Its new restaurant in Osaka has a full-size replica of a JAL Boeing 767, a cabin crew, videotapes of travel information and seats in executive or first-class sections.

"For some people, airline food is an oxymoron," said JAL spokesman Geoffrey Tudor. "But we thought there was a group of people who didn't think so. We're aiming the restaurant at people who maybe don't travel very much, but want to try out the experience."

Triumph of Culture BOSTON -- A prisoner climbed onto a jail roof and declared he would come down only if corrections officials could name all six children on "The Brady Bunch."

ATLANTA -- The Georgia legislature engaged in extended debate over a bill to make Little Richard's "Tutti-Frutti" the state rock song.

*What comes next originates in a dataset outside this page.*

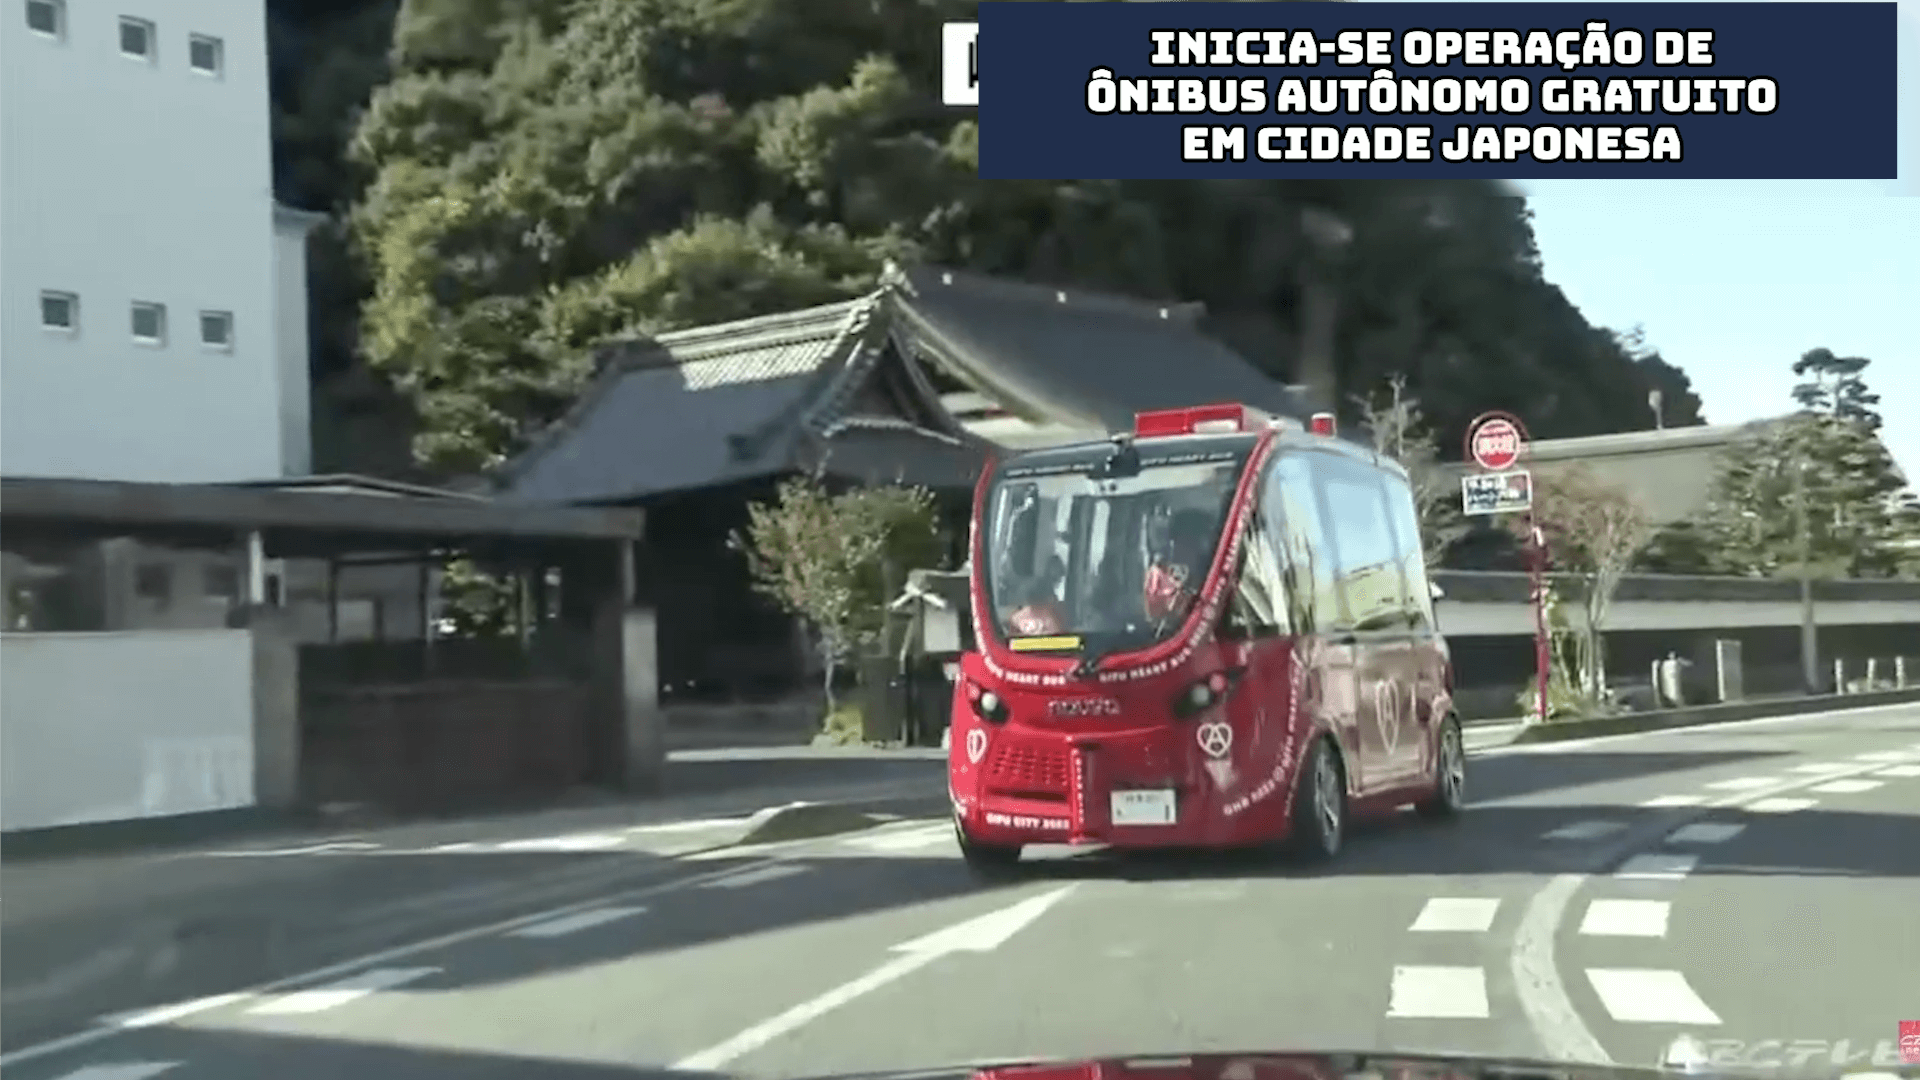 Inicia-se operação de ônibus autônomo gratuito em cidade japonesa 

The measure was not passed.

MINNEAPOLIS -- Anthony Thornton, 39, eclipsed his own Guinness world record of walking backward by backing up for 23 hours 45 minutes, for a total of 95.7 miles.

Thornton said his reverse stroll was uneventful for him, but his wife, walking forward, tripped and hurt her arm.

SAN JOSE -- A 30-foot banner at the San Jose Public Library, hung to welcome guests in 27 languages, was pulled down after red-faced library officials discovered that a greeting in the main native Philippine language did not mean "welcome."

It meant "circumcision."

Triumph of Government SAN FRANCISCO -- California has a new law requiring state employees to answer their telephones within 10 rings. The legislation was written by Democratic state Sen. Bill Lockyear.

The San Francisco Examiner couldn't reach Lockyear for comment on the effectiveness of the law because no one was answering his telephone.

SINGAPORE -- The government introduced a fine of $17 for people who don't flush after using public toilets.

Incorrigible non-flushers may have to pay as much as $588 for three or more offenses.

ORMOND BEACH, Fla. -- Eric Levin hoped a catchy name for his record store would bring in business, but he got more attention than he wanted after opening Secret Service Music & More.

The shop specializing in hard-to-find recordings hadn't been open long when the owner got a visit from two real Secret Service agents. They told him he was violating a federal law by using the name of their employer.

"Their reasoning was that if someone knew of someone threatening the life of the president and wanted to call the Secret Service, they could get confused," Levin said.

The agents confiscated Levin's business cards, several posters and several dozen T-shirts featuring the store's logo.

A shaken Levin agreed to change the store's name. It's now Criminal Records.

Triumph of Religion BRUGES, Belgium -- Police were investigating purchases of racehorses and other unusual property by a convent here..

The religious order reportedly also bought a Mercedes-Benz auto equipped with a bar; a farmhouse; and a castle in Tarbes, France.

The nuns are members of the Poor Sisters of Clare.

PROGRESO, Tex. -- Hundreds of people have been traveling to this tiny town in the lower Rio Grande valley to view what they perceive as the image of the Virgin Mary on the concrete floor of a shower stall in the bathroom of Progreso Auto Supply.